United States v. Fritts

Citation841 F.3d 937
Decision Date08 November 2016
Docket NumberNo. 15-15699,15-15699
Parties United States of America, Plaintiff–Appellee, v. Derwin Darryl Fritts, Defendant–Appellant.
CourtUnited States Courts of Appeals. United States Court of Appeals (11th Circuit)

Francis D. Murray, Germaine Seider, Arthur Lee Bentley, III, Shauna S. Hale, U.S. Attorney's Office, Tampa, FL, for PlaintiffAppellee.

Rosemary Cakmis, Donna Lee Elm, Robert Godfrey, Conrad Benjamin Kahn, Federal Public Defender's Office, Orlando, FL, Frank William Zaremba, Federal Public Defender's Office, Tampa, FL, for DefendantAppellant.

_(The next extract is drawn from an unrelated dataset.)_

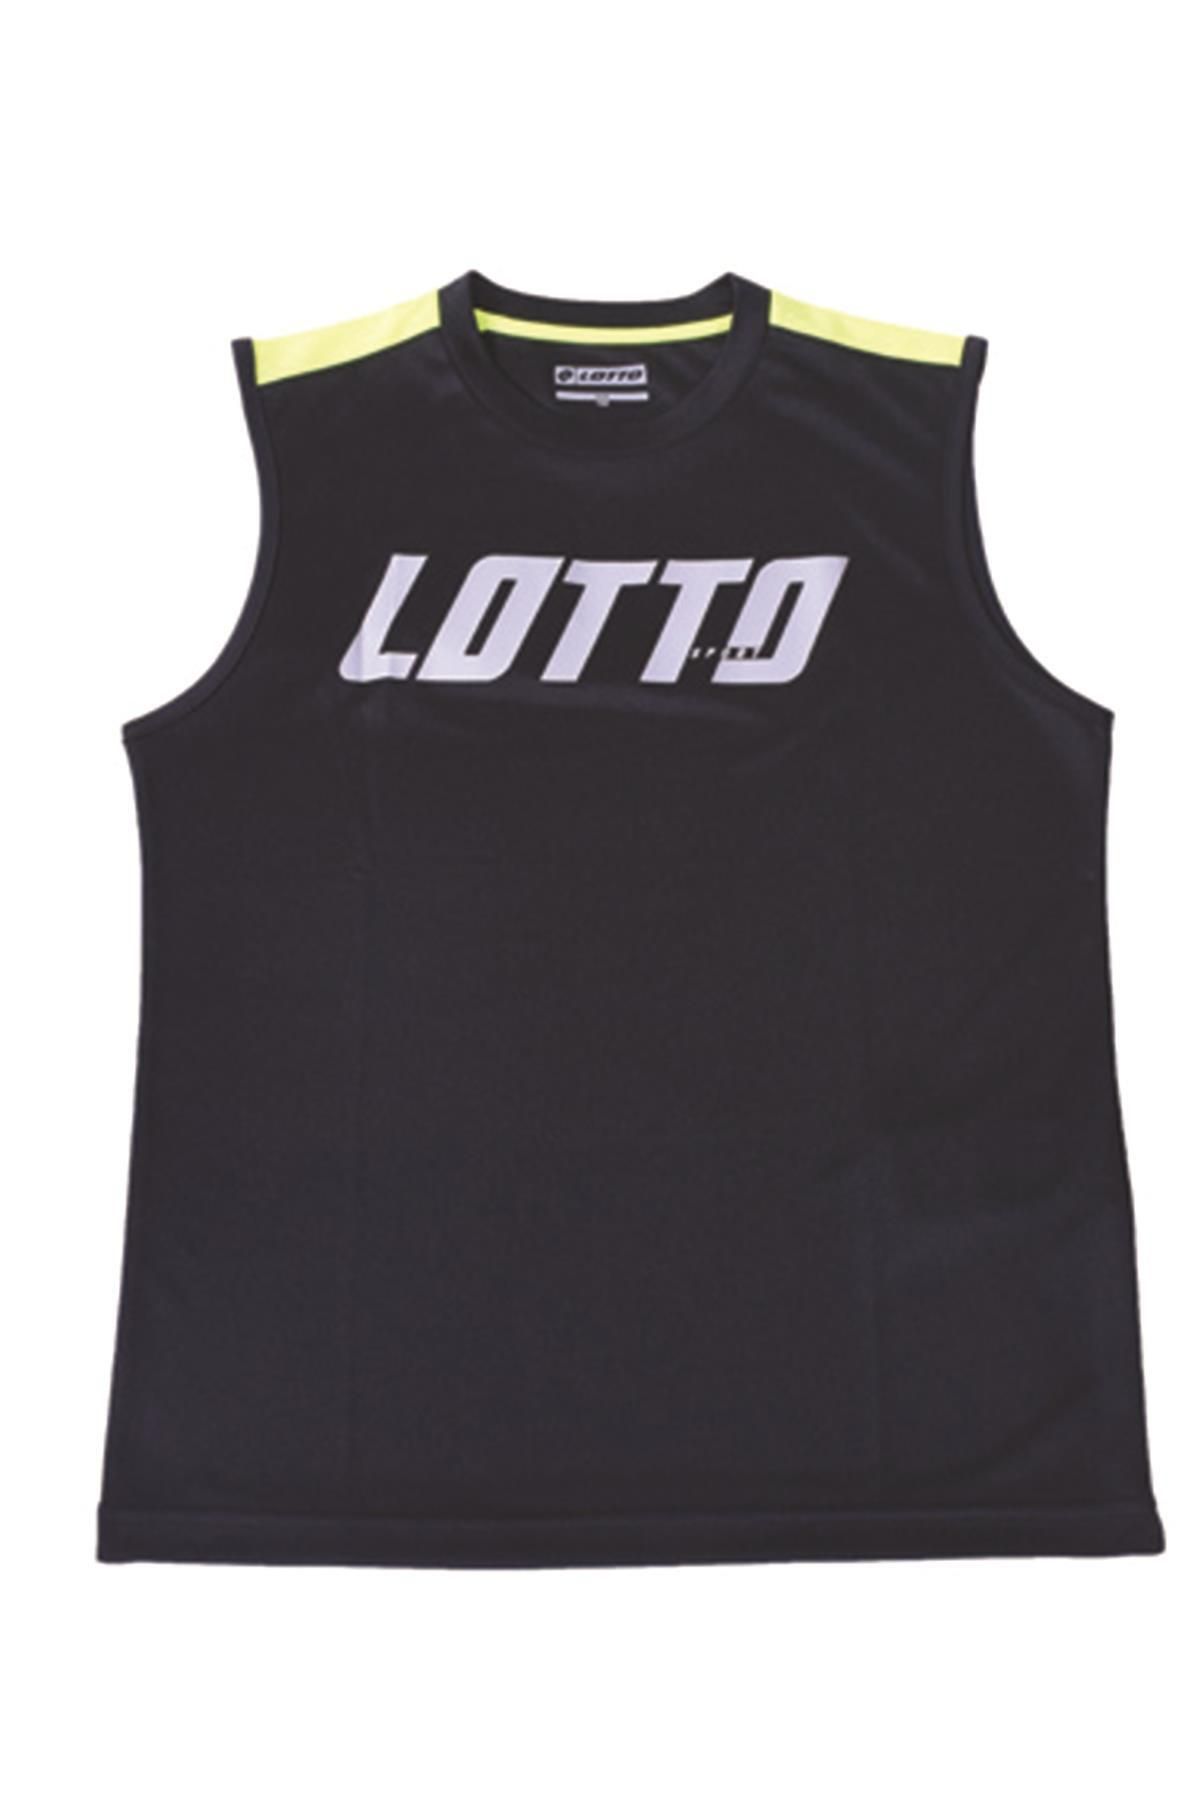 Lotto Erkek Tişört Kolsuz Sıfır Yaka R8309 Bılly Tank Pl B

Before HULL, MARCUS and FAY, Circuit Judges.

HULL

, Circuit Judge:

After pleading guilty, Derwin Fritts appeals his total 180–month sentence for three counts of being a felon in possession of a firearm, in violation of 18 U.S.C. § 922(g)

. The district court sentenced Fritts as an armed career criminal under the Armed Career Criminal Act (“ACCA”), 18 U.S.C. § 924(e), based on Fritts's prior convictions for: (1) aggravated assault and aggravated battery, in violation of Florida Statutes §§ 784.021, 784.045 ; (2) robbery with a firearm, in violation of Florida Statutes § 812.13, and (3) sale of cocaine, in violation of Florida Statutes § 893.13.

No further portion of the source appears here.